Just about everyone, from coaches to players, has tried to take the blame for Cal's two-game losing streak.  Add one more. "The numbers speak for themselves," center Alex Mack said. "As a line, we're not doing enough to help the running game. "It's frustrating for us because our expectation is perfection. I think we're still a good line, but we're not as good as we need to be." After starting the season on a torrid pace, rushing for 198.6 yards a game and allowing only four sacks during the 5-0 start, the Bears have run for 125.5 yards and allowed four sacks in the two losses. For the third consecutive week, Cal will face a rush defense ranked among the top 15 in the country when it plays at Arizona State on Saturday.

"We have a lot to prove this week," Mack said. "We know we have a good line, and we're dying to show that this week against a good opponent." The Bears ran for 184 yards but allowed three sacks in the 31-28 loss to Oregon State, which was No. 1 nationally in rushing defense and No. 3 in sacks at the time. UCLA limited Cal to 67 rushing yards and recorded a sack. Early in the season, line play was so strong that Cal showed no signs of missing graduates Andrew Cameron at left tackle and Erik Robertson at left guard. The Bears ran for more than 200 yards in each of their first three games, including a 230-yard manhandling of Tennessee.

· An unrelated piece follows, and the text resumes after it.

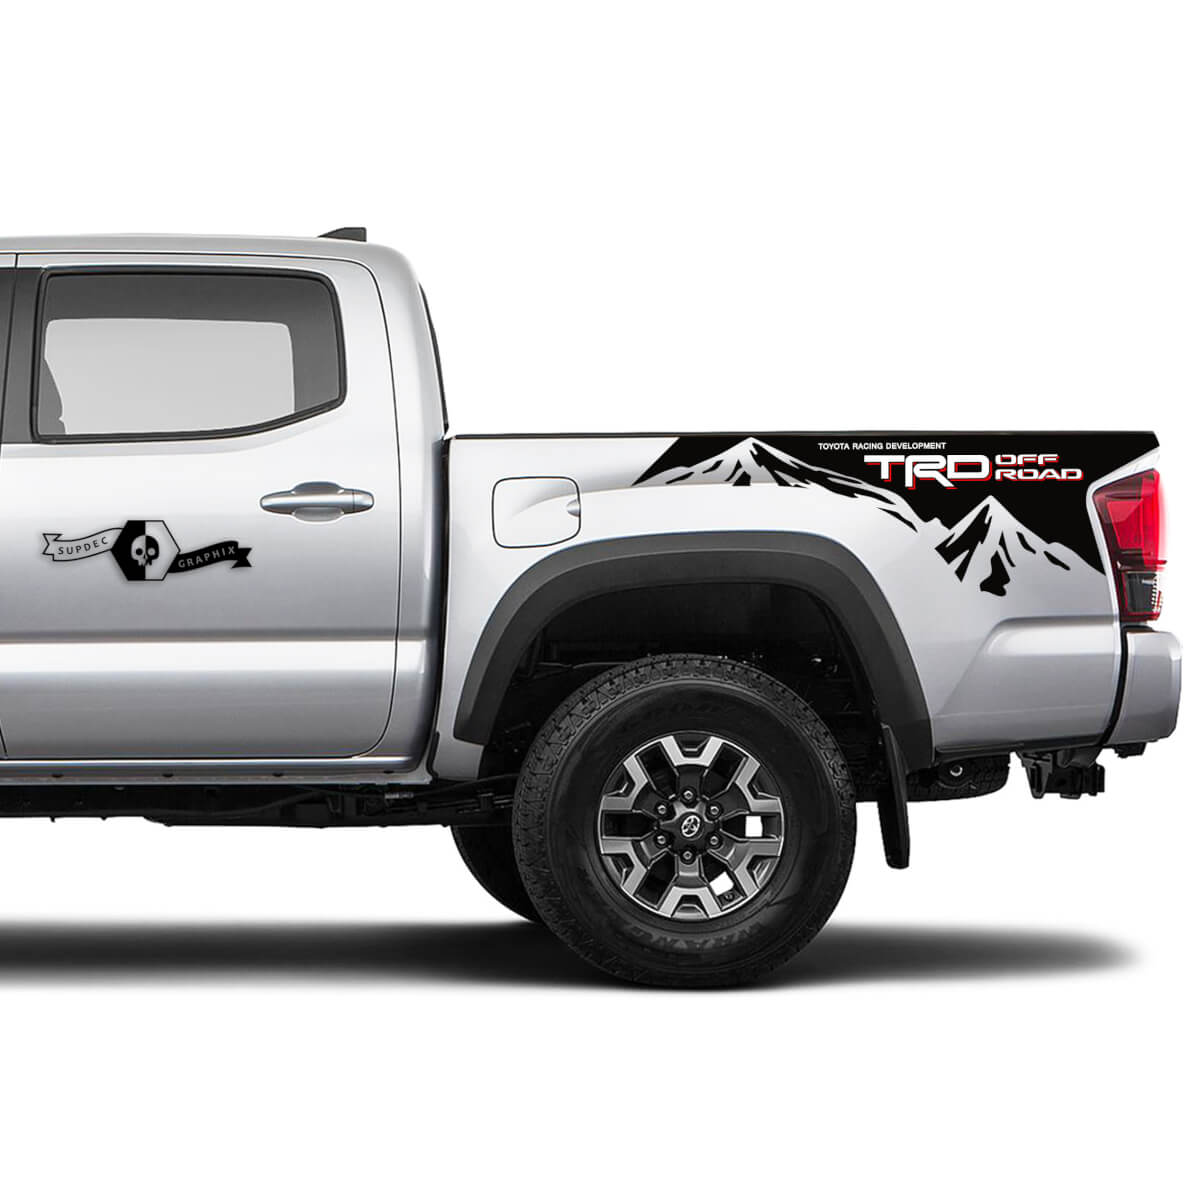 2 TOYOTA TRD SPORT Decals Vinyl Stickers 1 PAIR truck bed Tacoma Tundra 4 Runner

"We've slipped a little, but we've refocused on the little things," left guard Brian De La Puente said. "The camaraderie is still there. "We're hungry. Saturday can't come soon enough," he said. "We can't wait to get back out there and get this taste out of our mouths." The bad taste started against Oregon State, which held tailback Justin Forsett out of the end zone on four consecutive runs from inside the 2-yard line. Before the failed 4th-and-inches play, left tackle Mike Gibson shoved each offensive lineman in the chest. "I told them that this is what we're all about," Gibson said. "This is about pride. If we want to be No. 1 in the country, we've got to start acting like it. We definitely didn't play like one of the top teams in the country. "That should never happen." Coach Jeff Tedford had a more simple explanation. "We need to block better," he said. But that didn't stop him from relying on the running attack late in the 30-21 loss to UCLA, which often put eight or nine defenders in the box. Tedford trusted the line to open holes as he called for nine running plays on Cal's first 12 plays in the fourth quarter.

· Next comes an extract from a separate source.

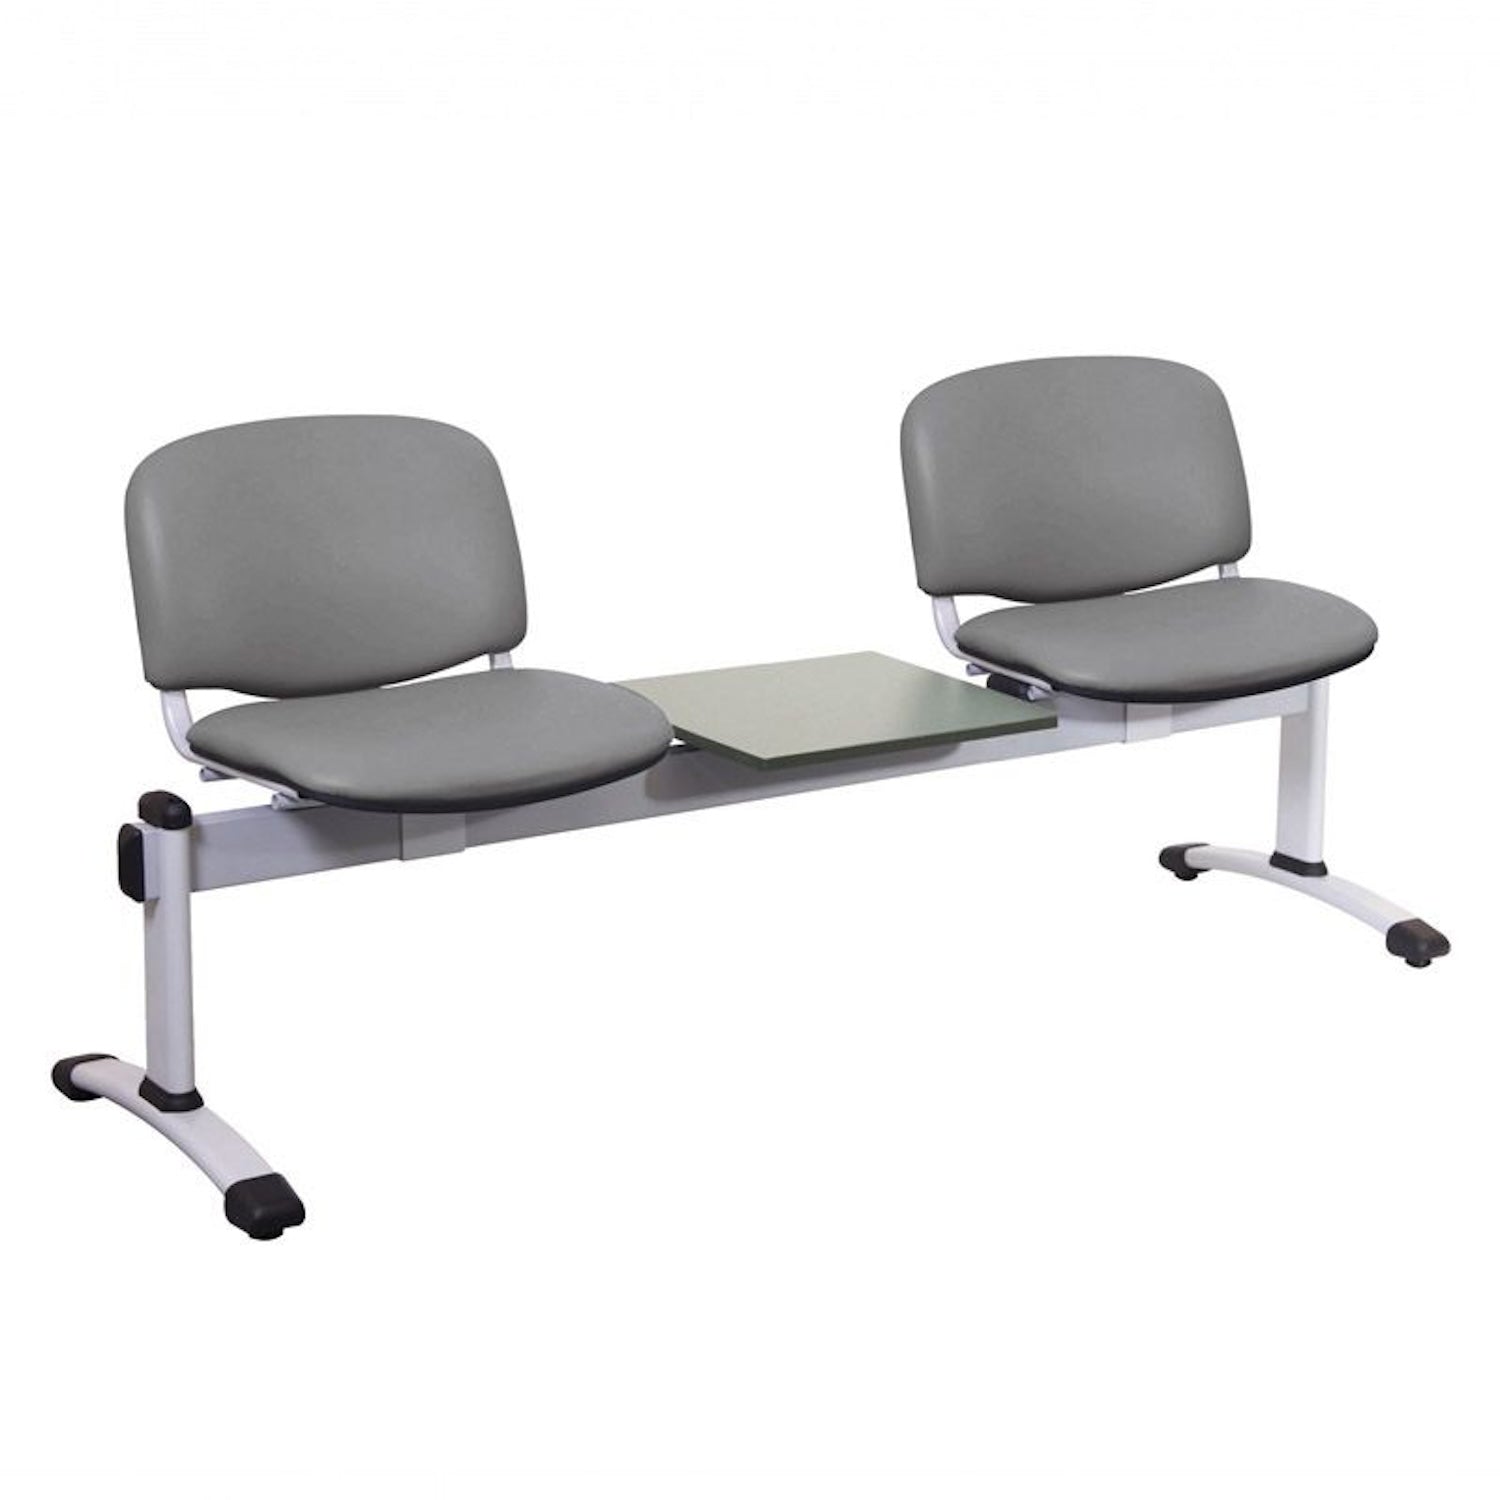 Sunflower Visitor 2 Anti-bacterial Vinyl Upholstery Seats & 1 Table Module in Grey

"If (the running game) gets shut down four times in a row, we expect to get something out of the fifth and sixth one," he said. Cal has a history of that. Offensive coordinator Jim Michalczik has mentored lines that have paved the way for five consecutive 1,000-yard backs, and Forsett is well on his way with 811 yards through seven games. "We take winning the battle at the line of scrimmage personally," right guard Noris Malele said. "All five of us have that mean streak, that edge, so we just take it as a challenge. We'll pick it up, we'll take it out on the field and we'll see what happens."

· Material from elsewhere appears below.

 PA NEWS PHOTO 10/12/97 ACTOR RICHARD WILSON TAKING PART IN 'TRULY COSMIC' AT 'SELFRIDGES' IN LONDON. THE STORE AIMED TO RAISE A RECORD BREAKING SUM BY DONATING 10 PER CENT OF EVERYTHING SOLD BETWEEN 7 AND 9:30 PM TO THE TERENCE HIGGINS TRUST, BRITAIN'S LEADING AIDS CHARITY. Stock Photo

Briefly: Quarterback Nate Longshore said the Southern California wildfires didn't do any damage to his family's home in Canyon Country, but a fire did blaze through his backyard. "My brother and my uncle were out there with garden hoses," he said. "My mom gives me updates on what's going on. It's pretty scary, but at the same time, I have faith that our firefighters will do a good job of keeping everybody safe."